In order to rigidly secure the support or hinge member 76 to the lower portion of the insulating base member 75 the intermediate portions 232B and 234B of the support members 232 and 234 respectively, which extend generally transversely with respect to the right-hand portions 232C and 234C respectively of said support members, include openings in which are secured parts of suitable fastening means, such as the nuts 276 and 278 shown in FIGS. 11 and 12, which are rigidly secured in said openings by suitable means such as press fitting. When the hinge member 76 is mounted on the insulating base member 75, a pair of bolts 279 as shown in FIG. 6 are assembled through substantially aligned openings in the lower portion 75b of the insulating base member 75 and the intermediate portions 232B and 234B of the support members 232 and 234 respectively with the ends of the bolts 279 away from the heads thereof engaging the nuts 276 and 278. The bolts 279 are then tightened down until the intermediate portions 232B and 234B of the support members 232 and 234 respectively bear against the lower portion 75b of the insulating base member 75, as shown in FIG. 6. As shown in FIG. 12, the lefthand or hinge portions of the support members 232 and 234, as indicated at 232A and 234A, respectively, are offset or laterally spaced in opposite directions from the associated right-hand portions 232C and 234C, respectively, which are interconnected to the hinge portions by the intermediate portions 232B and 234B, respectively.

In order to pivotally support the switch or contact arm 40 on the support or hinge member 76, a pivot bolt or pin 268 is provided, which passes through substantially aligned openings in the hinge portions 232A and 234A of the support member 76 and extends across the space between said hinge portions, as best shown in FIG. 12. The pivot bolt 268 may be retained in assembled relation with the hinge member 76 by suitable means such as the nut 269, which is disposed on the pivot bolt 268 at the end of said bolt away from the head thereof.
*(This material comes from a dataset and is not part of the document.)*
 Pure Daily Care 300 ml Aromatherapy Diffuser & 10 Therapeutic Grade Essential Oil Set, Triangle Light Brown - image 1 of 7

As best shown in FIG. 10, the switch or contact arm 40 includes a pair of generally U-shaped contact support members 220 and 240 which are disposed in generally nested relation with the contact support member 240 being disposed inside the contact support member 220 and with both of said contact support members 220 and 240 being pivotally supported on the pivot bolt 268. Both of the contact support members 220 and 240 are formed from a material having a relatively high electrical conductivity, such as silver-plated copper. The support member 220 includes a pair of spaced arms 220A and 220C which are interconnected by a yoke or bight portion 220B. Similarly, the support member 240 includes a pair of spaced arms 240A and 240C which are interconnected by a yoke or bight portion 240B. The arms 220A and 220C of the contact support member 220 are assembled on the pivot bolt 268 adjacent the outer sides of the hinge portions 232A and 234A respectively of the support members 232 and 234 respectively with the pivot bolt 268 passing through substantially aligned openings in said arms adjacent the ends of said arms away from the associated bight portion 220B. The arms 220A and 2208 include the raised contact portions or bosses 220D and 220E, respectively, around the openings through which the pivot bolt 268 passes, as best shown in FIG. 10. The raised contact portions 220D and 220E bear against or engage the adjacent hinge portions 232A and 234A, respectively. In order to insure adequate contact pressure between the contact portions 220D and 2205 and the hinge portions 232A and 234A, the spring washers 254 and 256 are disposed on the bolt 268 with the spring washer 254 being disposed between the head of the bolt 268 and the arm 220A of the contact support member 220 and the spring washer 256 being disposed between the nut 269 and the arm 220C of the support member 220 as best shown in FIG. 10. In order to prevent over tightening of the nut 269 which might interfere with the free rotation of the support members 220 and 240, a generally tubular spacer member 266 is disposed on the intermediate portion of the bolt 268 and extends generally transversely between the hinge portions 232A and 234A and into the substantially aligned openings of said hinge portions.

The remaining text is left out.